**What is needed:** Among the lines below, take the one holding "Abertura Lateral: O Fim de Naruto", the one holding "acht t Stockfoto", and all lines between them. Set them down exactly.

**Data for the task:**
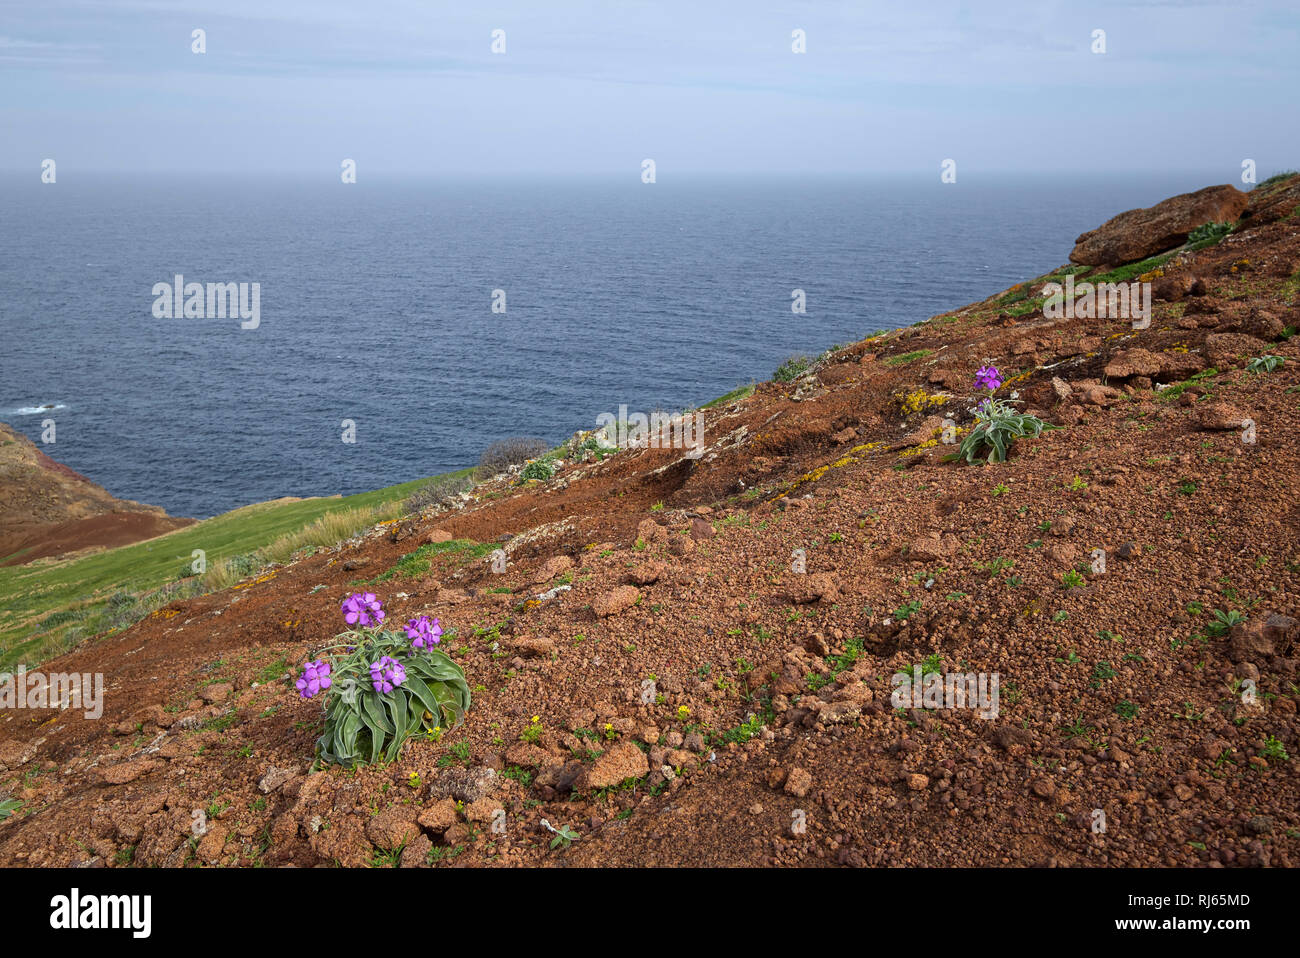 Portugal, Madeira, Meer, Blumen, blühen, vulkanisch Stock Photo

---

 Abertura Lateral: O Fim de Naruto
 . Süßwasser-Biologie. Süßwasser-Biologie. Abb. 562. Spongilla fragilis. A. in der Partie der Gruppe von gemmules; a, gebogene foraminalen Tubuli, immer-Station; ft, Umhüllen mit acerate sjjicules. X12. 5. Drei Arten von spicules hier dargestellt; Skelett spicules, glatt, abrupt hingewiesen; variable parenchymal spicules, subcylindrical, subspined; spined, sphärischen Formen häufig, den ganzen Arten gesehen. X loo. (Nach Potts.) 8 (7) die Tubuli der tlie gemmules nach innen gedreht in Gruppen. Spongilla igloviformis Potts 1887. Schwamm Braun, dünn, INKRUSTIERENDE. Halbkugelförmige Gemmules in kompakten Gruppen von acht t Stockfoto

**Solution for this problem:**
 Abertura Lateral: O Fim de Naruto
 . Süßwasser-Biologie. Süßwasser-Biologie. Abb. 562. Spongilla fragilis. A. in der Partie der Gruppe von gemmules; a, gebogene foraminalen Tubuli, immer-Station; ft, Umhüllen mit acerate sjjicules. X12. 5. Drei Arten von spicules hier dargestellt; Skelett spicules, glatt, abrupt hingewiesen; variable parenchymal spicules, subcylindrical, subspined; spined, sphärischen Formen häufig, den ganzen Arten gesehen. X loo. (Nach Potts.) 8 (7) die Tubuli der tlie gemmules nach innen gedreht in Gruppen. Spongilla igloviformis Potts 1887. Schwamm Braun, dünn, INKRUSTIERENDE. Halbkugelförmige Gemmules in kompakten Gruppen von acht t Stockfoto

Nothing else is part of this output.